§ Exercise
Repeat the data in full. Drop every picture.

§ Dataset section
-- -- --

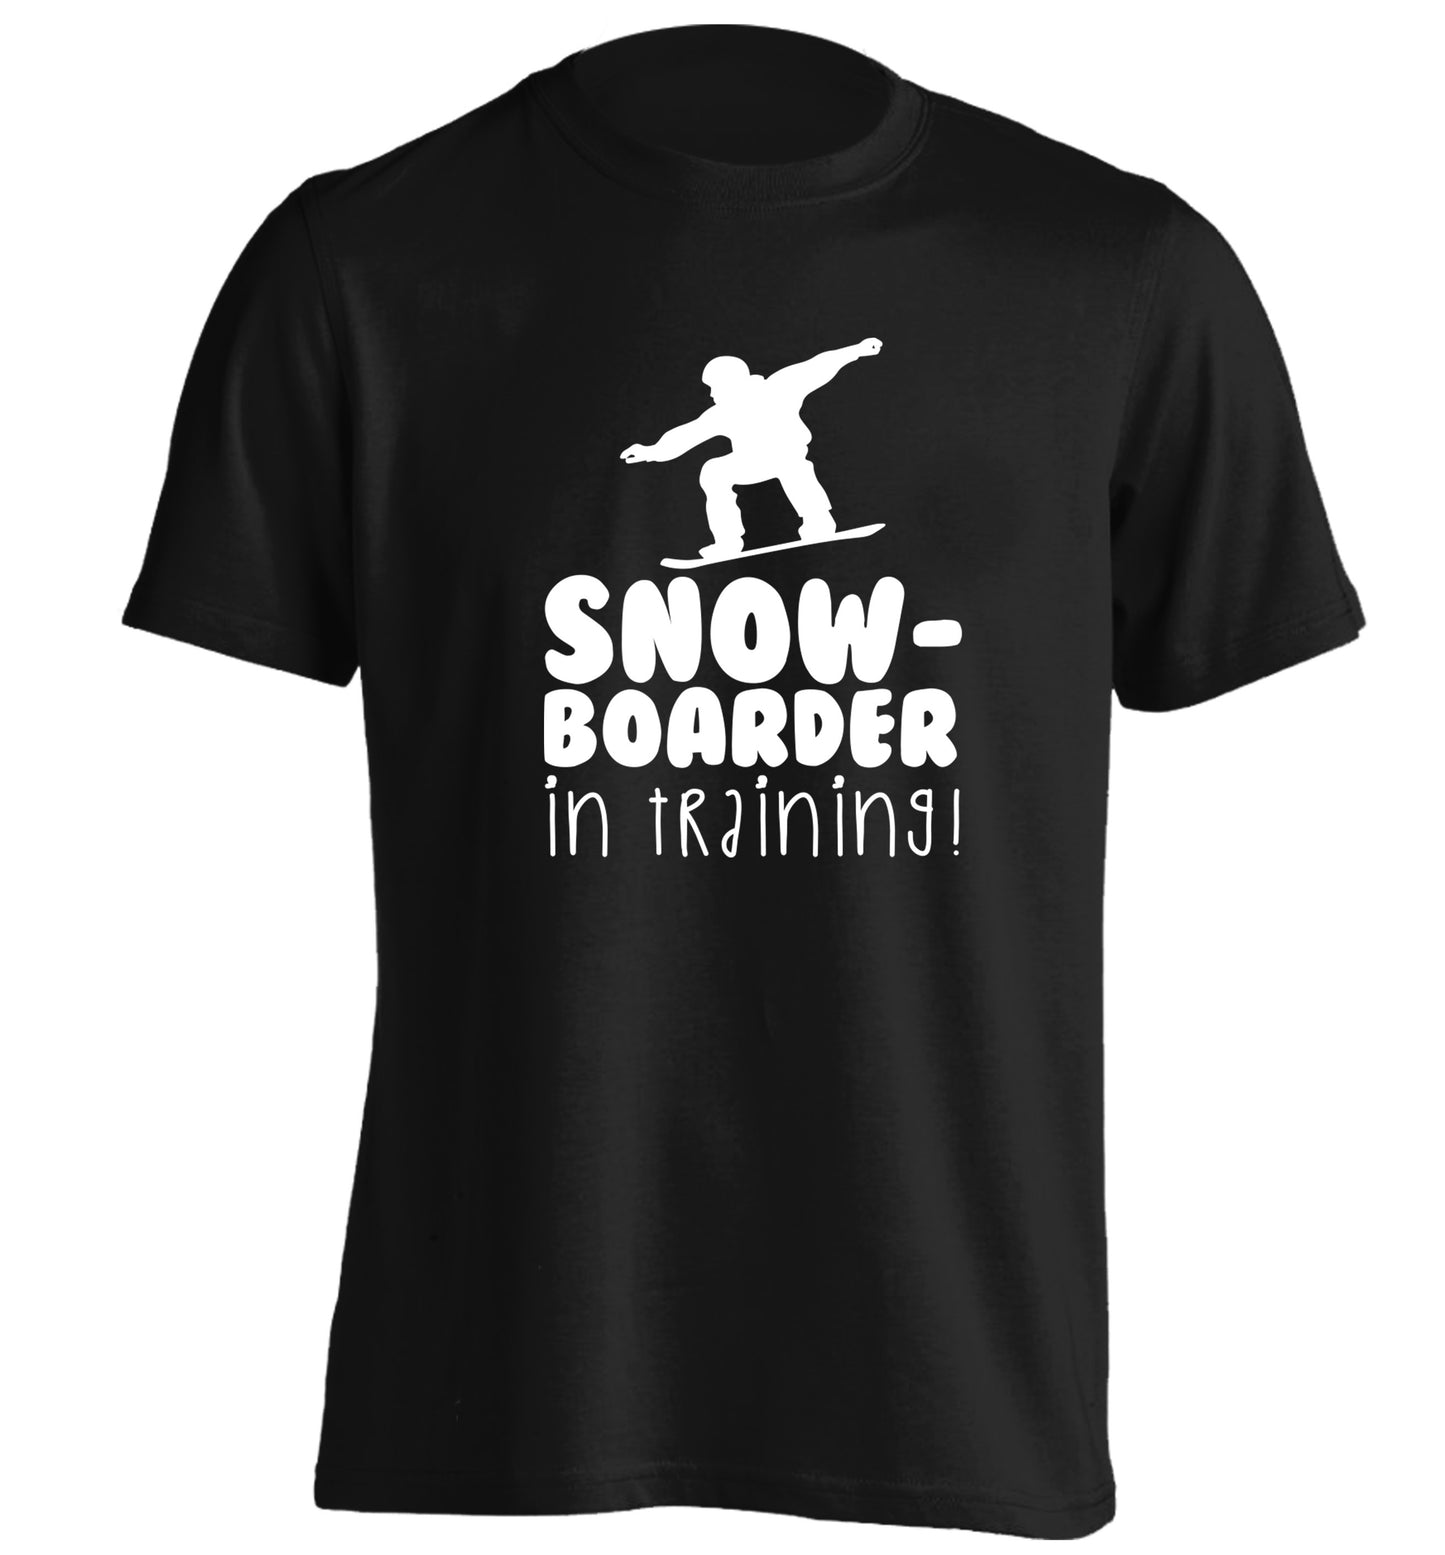 Snowboarder in training adults unisex black Tshirt 2XL
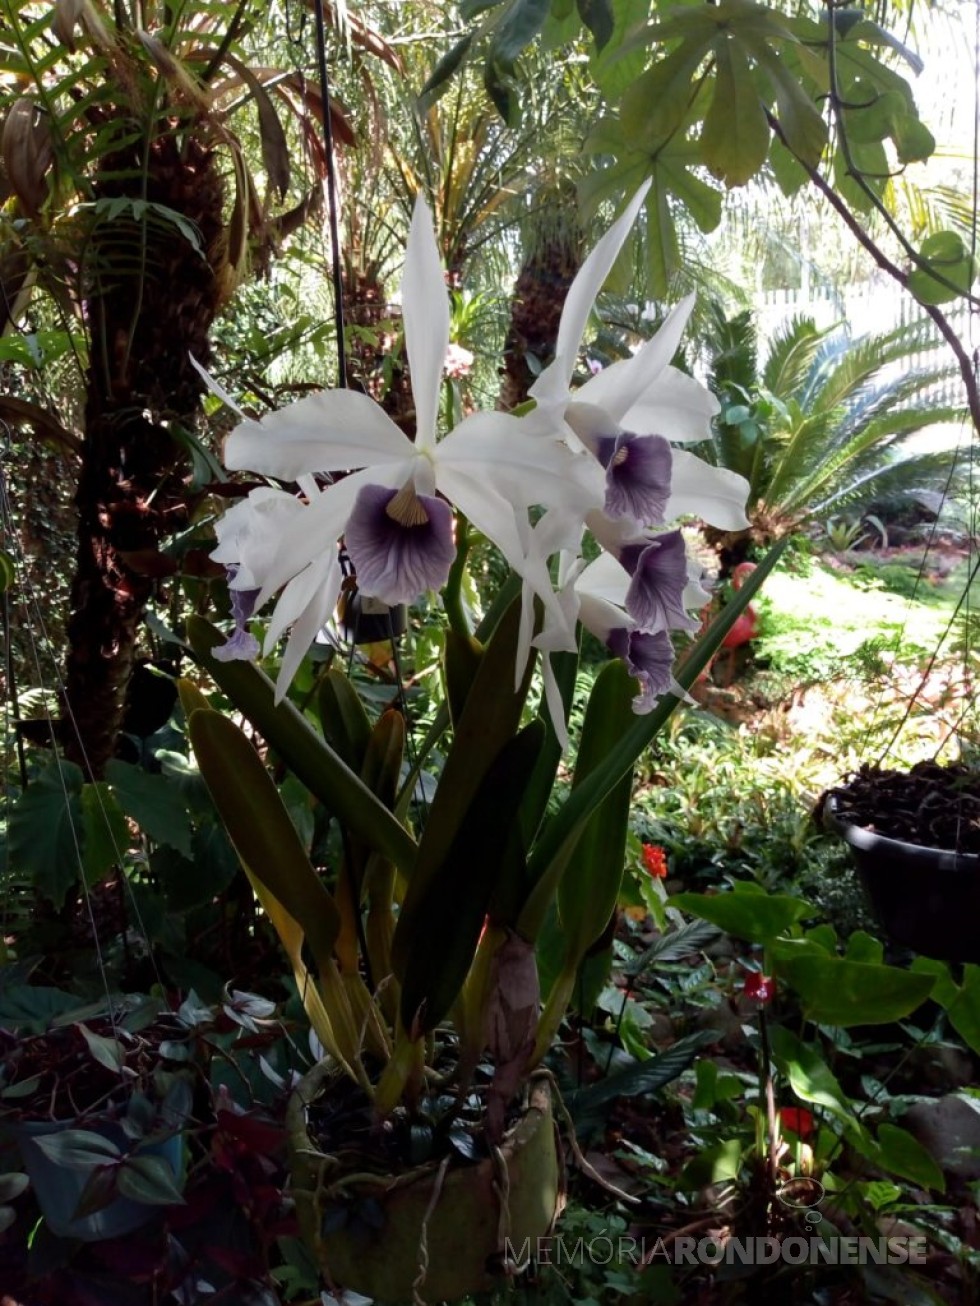 || Esplendor de Primavera: orquídea Laelia purpurata var. werkhauserii no jardim de Elenita Salete Foppa Viteck, esposa do historiógrafo rondonense Harto Viteck.
Imagem: Acervo pessoal - FOTO 8 -

-- -- --

§ Expected answer
 Snowboarder in training adults unisex black Tshirt 2XL
 || Esplendor de Primavera: orquídea Laelia purpurata var. werkhauserii no jardim de Elenita Salete Foppa Viteck, esposa do historiógrafo rondonense Harto Viteck.
Imagem: Acervo pessoal - FOTO 8 -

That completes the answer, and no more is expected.